Matthews enters, wheeling in the Cellarette Luxe 2000™'

 

M: Good even, my friends! - my, my Scrope - Hobby - are you already fried to the tonsils? (roars) I shall have to guzzle my champagnes solo heh - oh! hail, Byron (bows) 

B: Good eve, Matthews - sit, please - you must assist in a most arithmetically amorous quandary of mine

S(whispers): My lord has four country damsels on hand and is wrastling with his choice

M: What? - do you mean to marry?! Before you reach your majority? (glares) - before you have sampled all the delights of our Botanical cullings?

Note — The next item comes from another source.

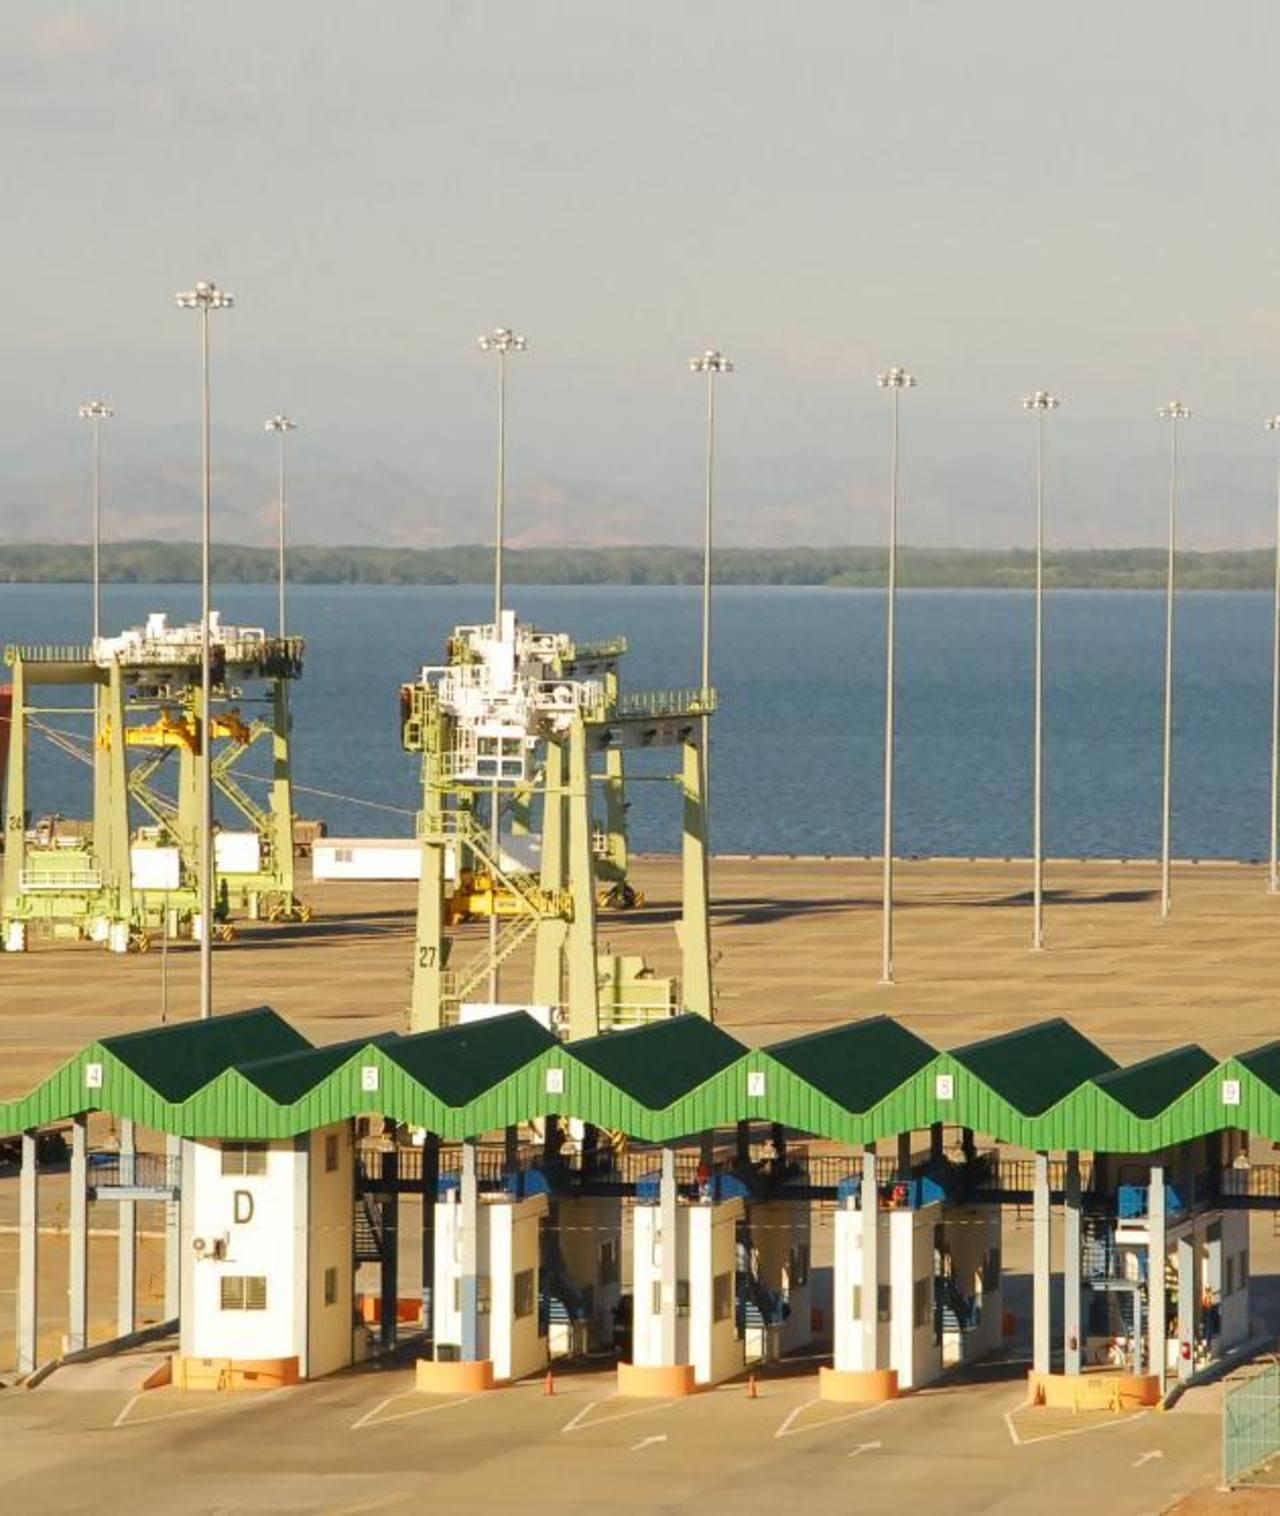 Las inversiones que se han realizado desde hace ocho años solo generan pérdidas. Foto EDH / El puerto de La Unión continúa siendo financiado por terceros que si generan rentabilidad. Es un millonario adorno en el horizonte del Golfo de Fonseca. Foto
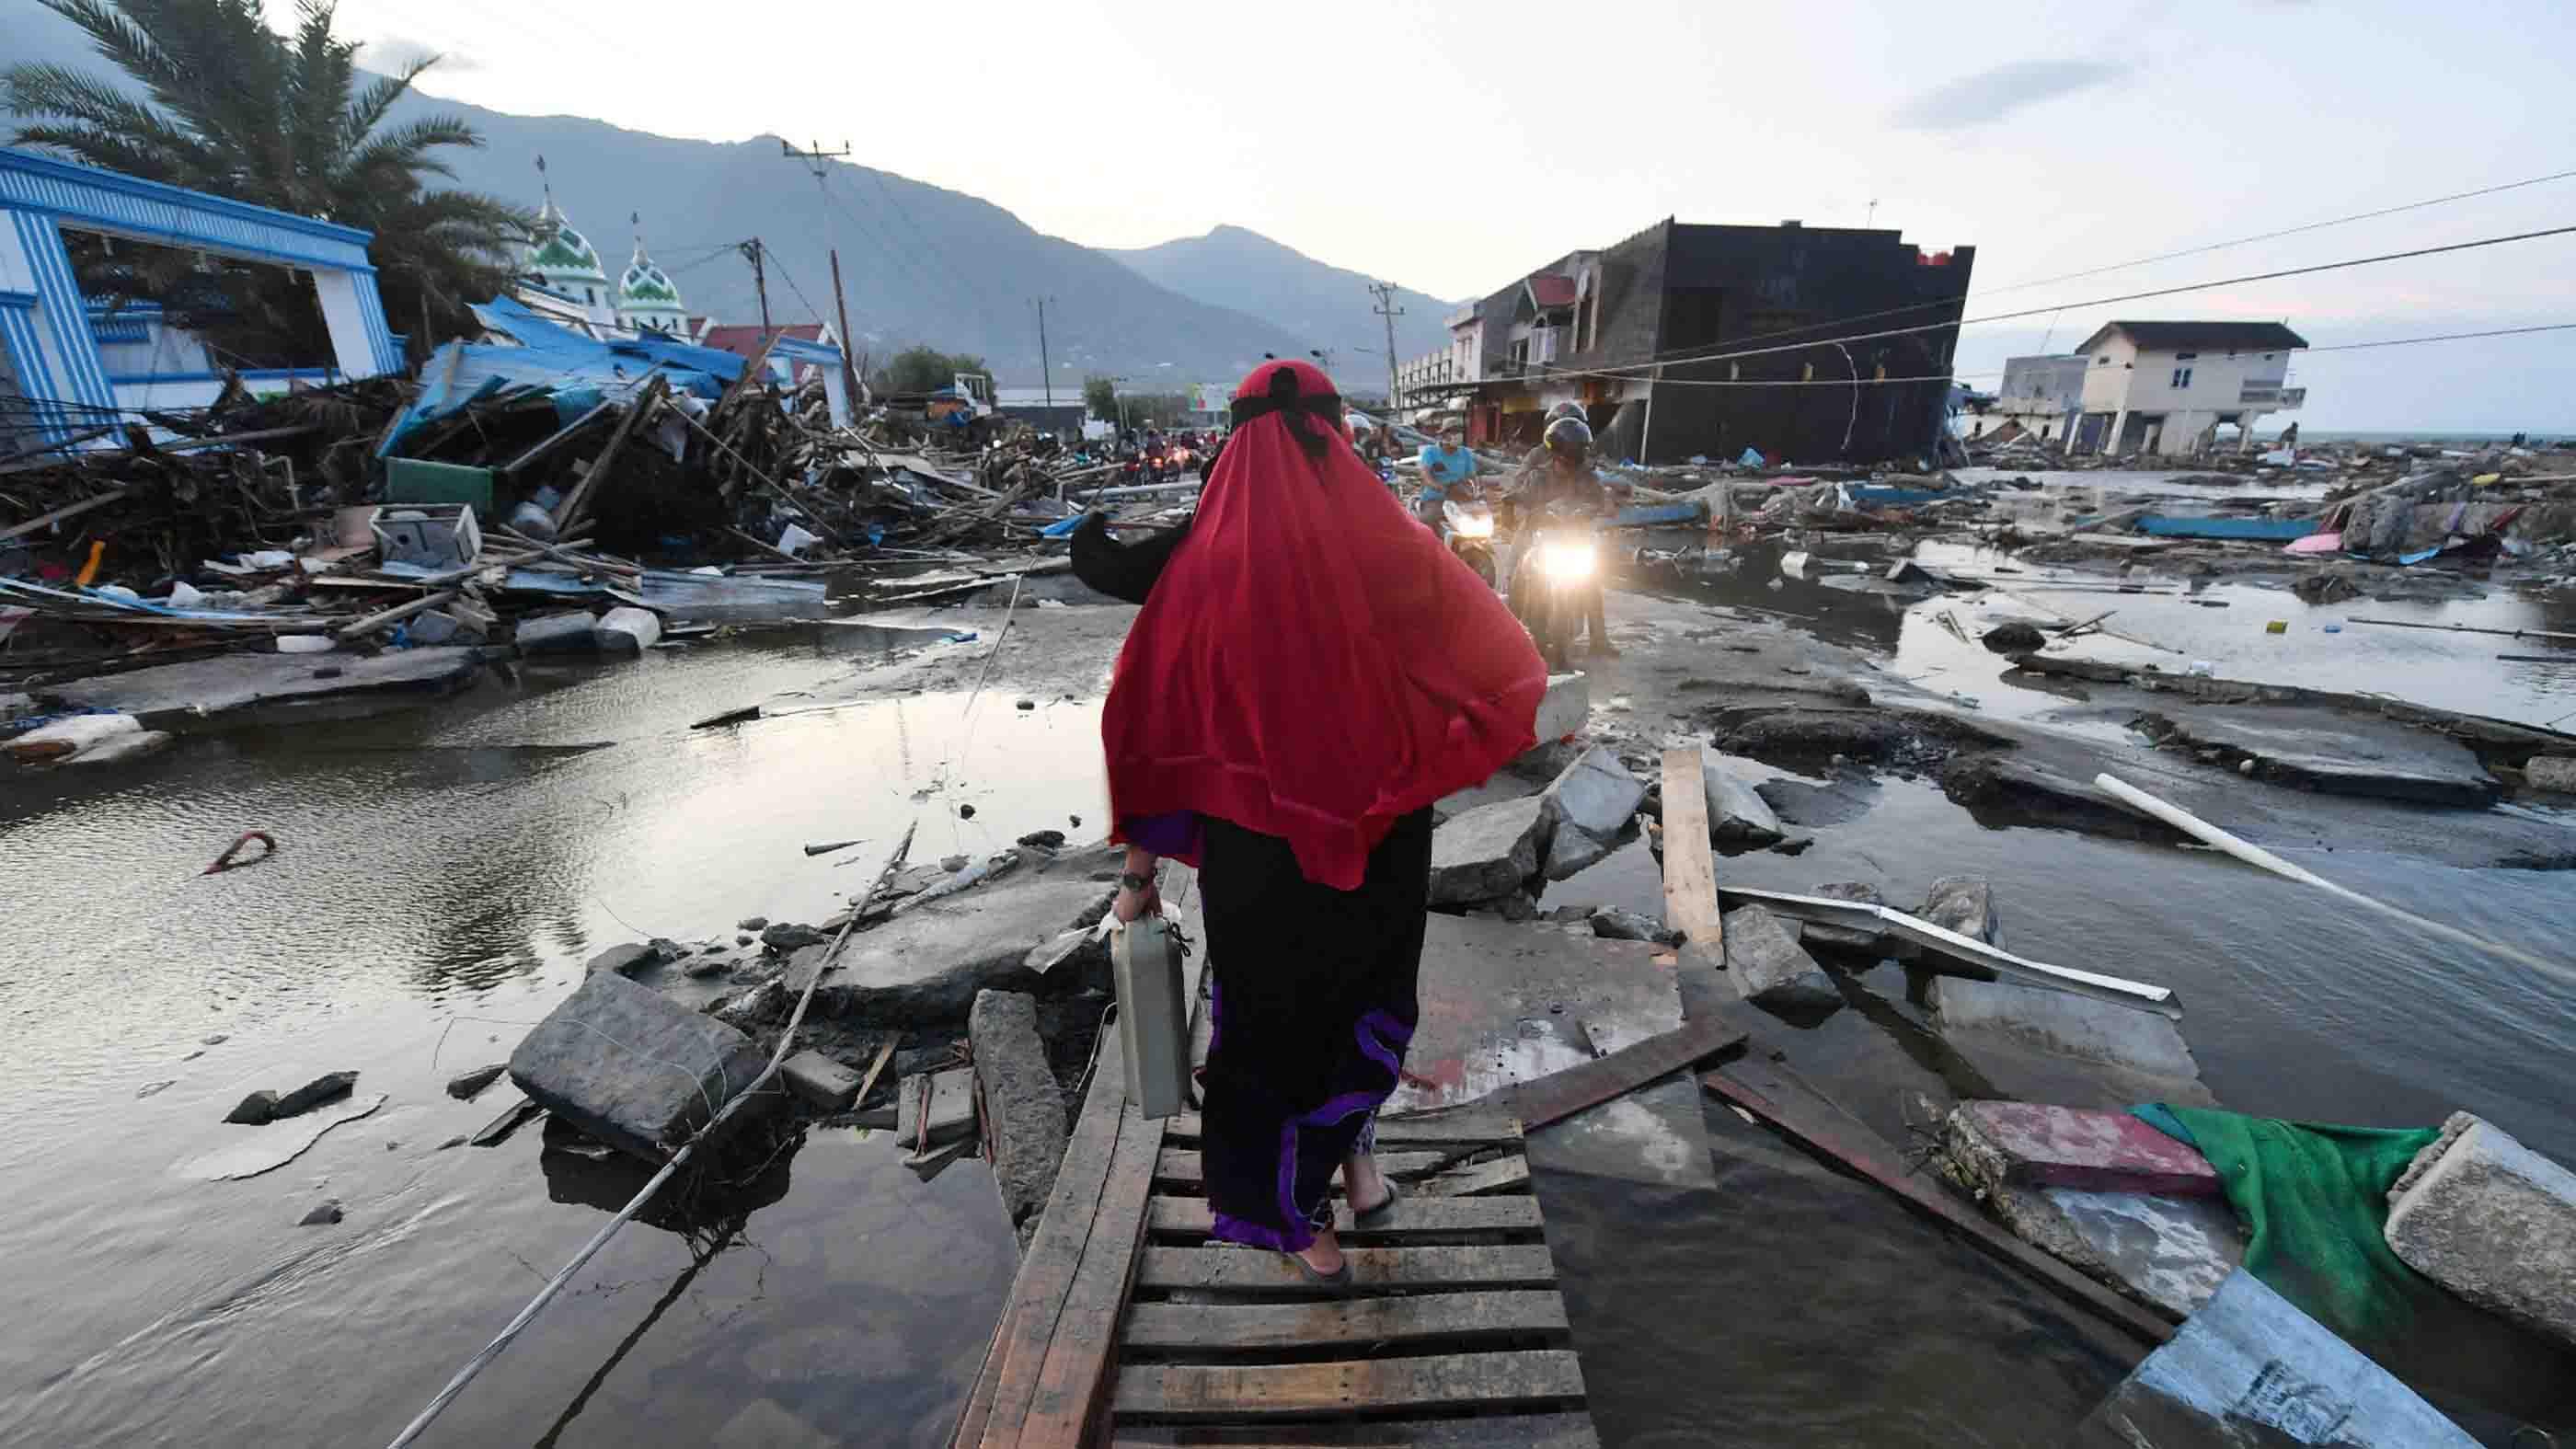 Fuentes oficiales reseñan que el maremoto fue producto de undesprendimiento de tierra bajo el agua causado por la erupción del volcán Anak Krakatoa

B(hisses): Why do ye all speak of wedlock? I am but in love - and wedlock's the devil! as the sublime Pope said - sort of (muses) - yet still, they are country maids of good character - and their fathers are all well-known mattress-stuffers - mmm - could well fix the roof and re-stock my cellars

H: Pause! (holds up hand, somewhat like a policeman) - do not so soon the various bliss forego that single souls - and such alone - can know

M(his massive brain is spurred to action): Gentlemen, your attention! - this problem can be resolved without delay - my lord, choose four of your favourite potations - now, (looks around) use this sopha for display​​

The lads are puzzled - the selection is ruminated upon

M: To you, Byron - I request that you name each one after your loves (points) - firstly, the dregs of Scrope's pale champagne?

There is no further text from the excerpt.